The load-bearing finding

scoring_events.outcome_resolved has been broken since 2026-04-17.

138 ENTERED events. 138 have paper_trade_id attached. Only 36 have outcome_resolved=1. Span of resolved: 2026-04-07 → 2026-04-17.
102 ENTERED events are attached to closed trades (with outcomes in paper_trades.db) but flagged unresolved in scoring_events.
9 nightly retrains from 2026-04-22 → 2026-05-01. Every one trained on the same 36-row snapshot. AUC=0.50 every time. Feature gain=0.0 on every column.
Effect: the model has not seen any data from the last 17 trading days. “Data is the truth” is false right now; the training set is stale, partial, and regime-misaligned.

Wired backfill at app.py:414 and app.py:2501 is the broken component.

Operational facts (from DB queries 2026-05-04)

Metric	Value
Total scoring_events	176,259
Trades closed	120 (out of 126; 6 cancelled)
Outcomes recorded	106
Wins / Losses / BE	60 / 44 / 2 → 57% win rate
Net P&L over outcomes	−$28,912 (since 2026-04-07)
ENTERED resolved for ML	36
Trainable rows (after path filter)	26 train / 10 holdout
Class balance in trainable slice	15W / 21L (41.7% wins)
Path snapshot coverage	85 of 126 trades; 0 before 2026-04-22
Forward-return labels (5m/15m/30m)	10 / 8 / 6 of 106 outcomes (post-bug-fix)

Top findings

1. Path-aware label, not `outcome_pnl >= 0`

xgboost_model.py:64 collapses all wins together regardless of partial exit ladders. Replace with 4-class (big_win, managed_win, scratch, loss) plus a separate classifier for MFE-before-MAE-breach. Use partial_exits, outcomes.mfe_pct, outcomes.mae_pct. Empirical: trades with partial exits averaged +3.61% pnl_pct vs −1.91% for non-partial trades.

2. The training projection drags ~80 columns; featurizer uses 38

decision_logger.py:830 (TRAINING_DATA_BASE_QUERY) is bloated. Trim to what features.py:25 actually consumes. Quarantine SHAP / model- output / regime columns from the training projection.

3. Microstructure features are missing (the “early and right” gap)

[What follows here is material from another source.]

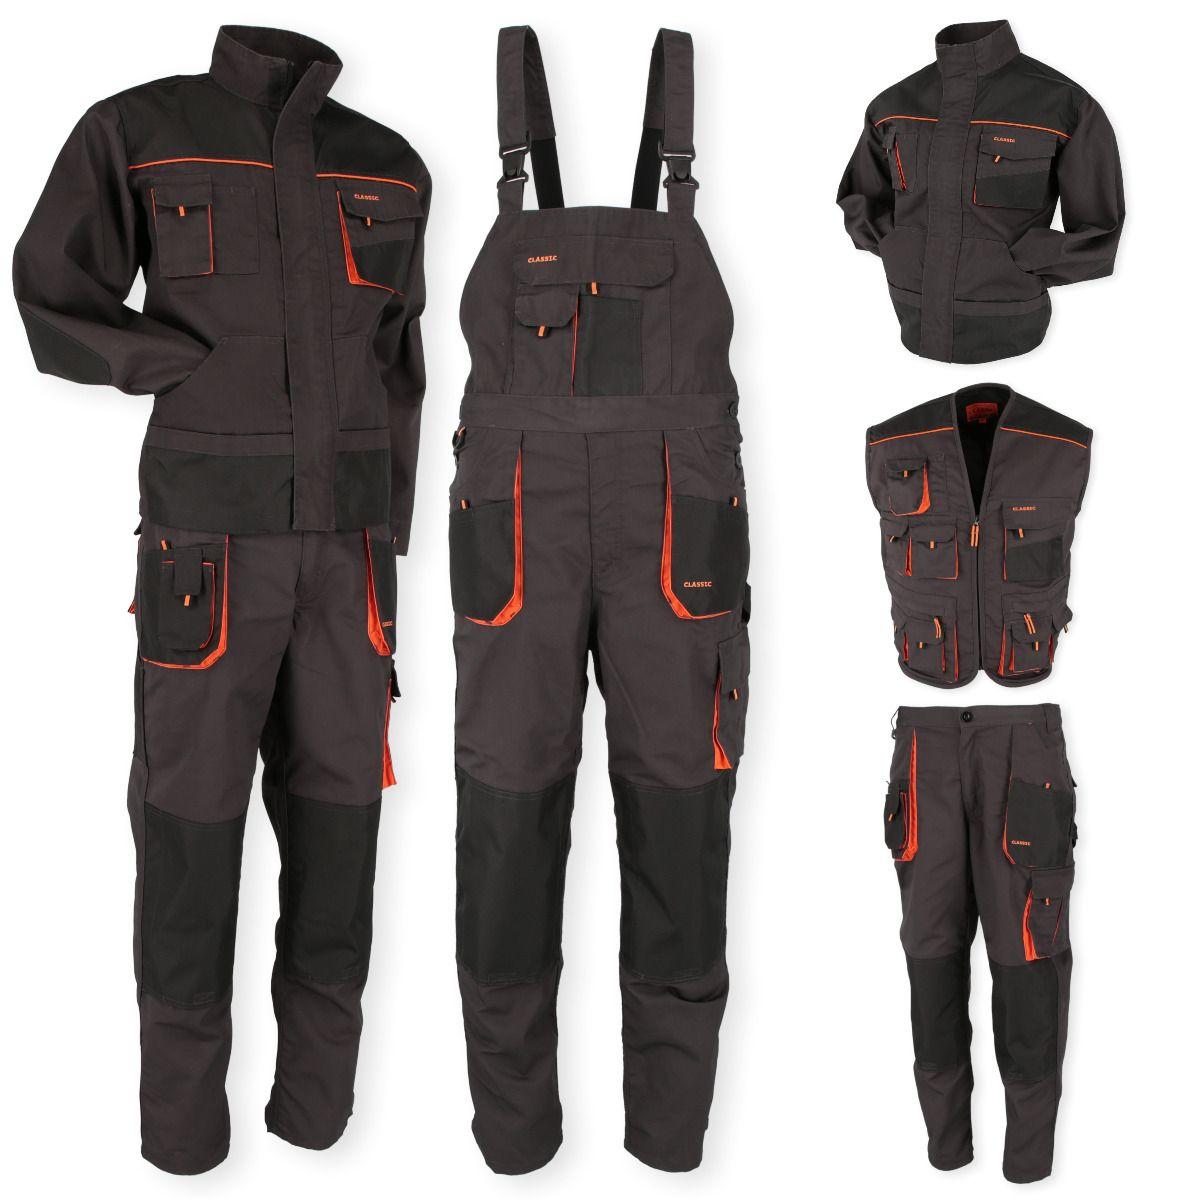 Ab 20 99 Arbeitshose Arbeitsjacke Latzhose Arbeitsweste Berufskleidung Grosse 46 62 Neu Mechanic Clothes Outdoor Outfit Mens Sweat Suits
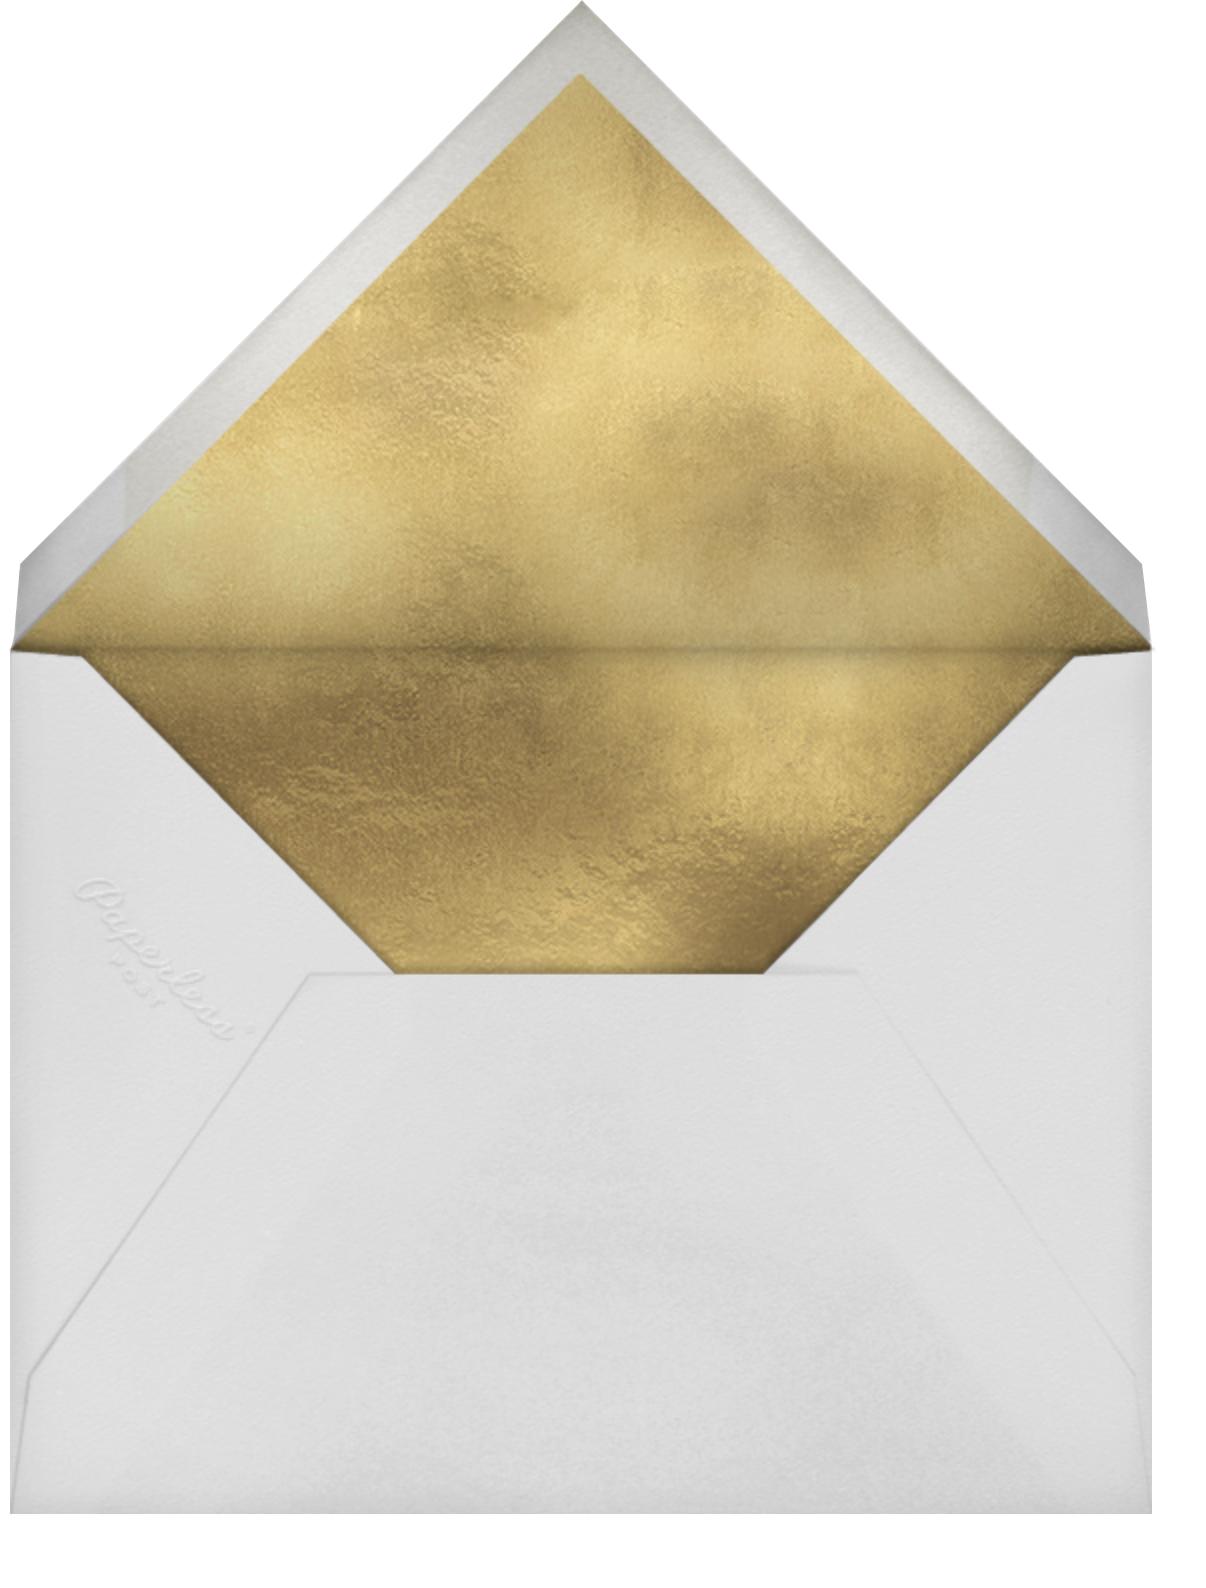 Birthday Cheer - Rifle Paper Co. - Envelope

Five new tables to add at decision and fill time:

entry_microstructure: nbbo_spread_pct, spread_widening_10s, quote_churn_rate, bid_ask_imbalance, top_of_book_size_ratio, mid_move_1s, mid_move_5s
signal_execution_context: signal_ts, submit_ts, ack_ts, fill_ts, signal_to_fill_ms, fill_slippage_vs_mid, market_data_age_ms
cross_asset_state: qqq/iwm/xlf vs spy divergence_1m, es_spy_basis, vx_term_roll, vix9d_vix_ratio
flow_state per event: puts_per_min, calls_per_min, net_premium_zscore_5m, sweep_velocity, lit_vs_dark_ratio, same_strike_repeat_rate
trader_state: trade_number_today, open_positions_count, last_trade_bias, pnl_day_to_date, loss_streak

4. Sample volume vs feature dimensionality

Defensible minimum for 38 predictors: 380-760 minority-class examples → 910-1,825 total labeled trades. We have 26 train. Below n=200, do not fit a 38-feature booster for production decisions. Below n=500, assume unstable ranking unless feature set is halved.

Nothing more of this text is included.